Repository files navigation

text_classification_api : Production Ready Code

compressed_streamlit_video_text_classification.mp4

About

This is a project developed to create a code template and to understand different text classification techniques. This project includes different training notebooks to create different kind of text classification models.

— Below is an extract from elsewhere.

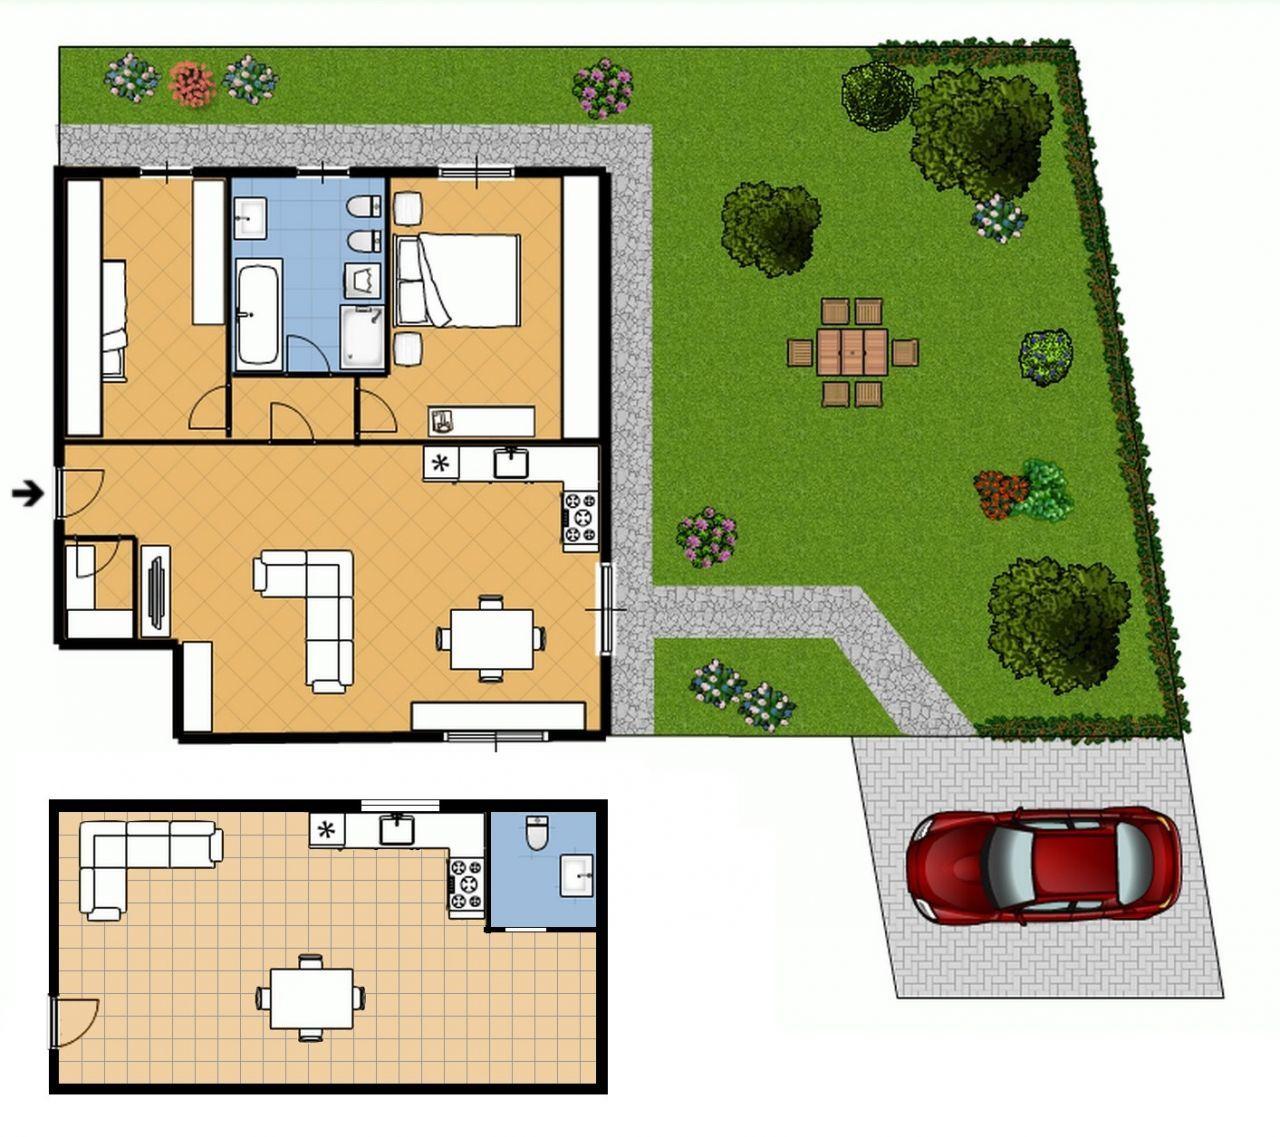 Appartamento 3 locali in vendita carbonate progetto kasa for Giardino 80 mq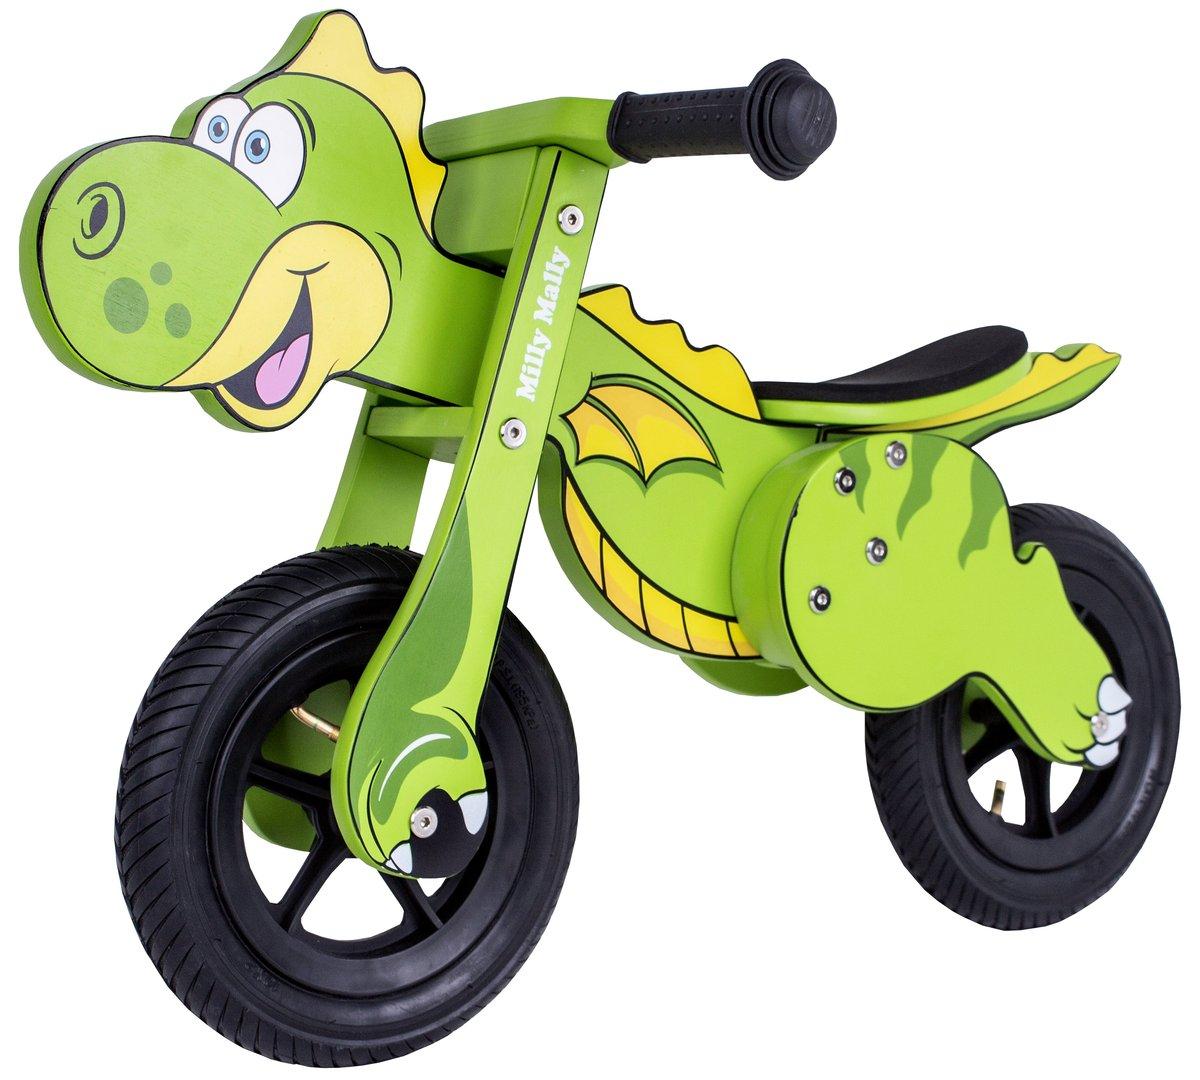 Rowerek biegowy Dino Mini, Milly Mally (wersja Jake Watermelon w cenie 99,95zł)

This project also includes a code to make productionaized text classification api using standard practices in MLOps.
The models are developed on very small data.

NLP and MLOps techniques to learn/use from this end to end project:

  1. collect,clean,annotate text data
  2. implement different methods of text classification models
  3. build inference api
  4. create streamlit application
  5. write unit test cases and performance test cases
  6. code documentation
  7. code formatting
  8. code deployment using docker and circleci
  9. pre-commit hooks

This code can be used for end to end text classification project development as well as deployment.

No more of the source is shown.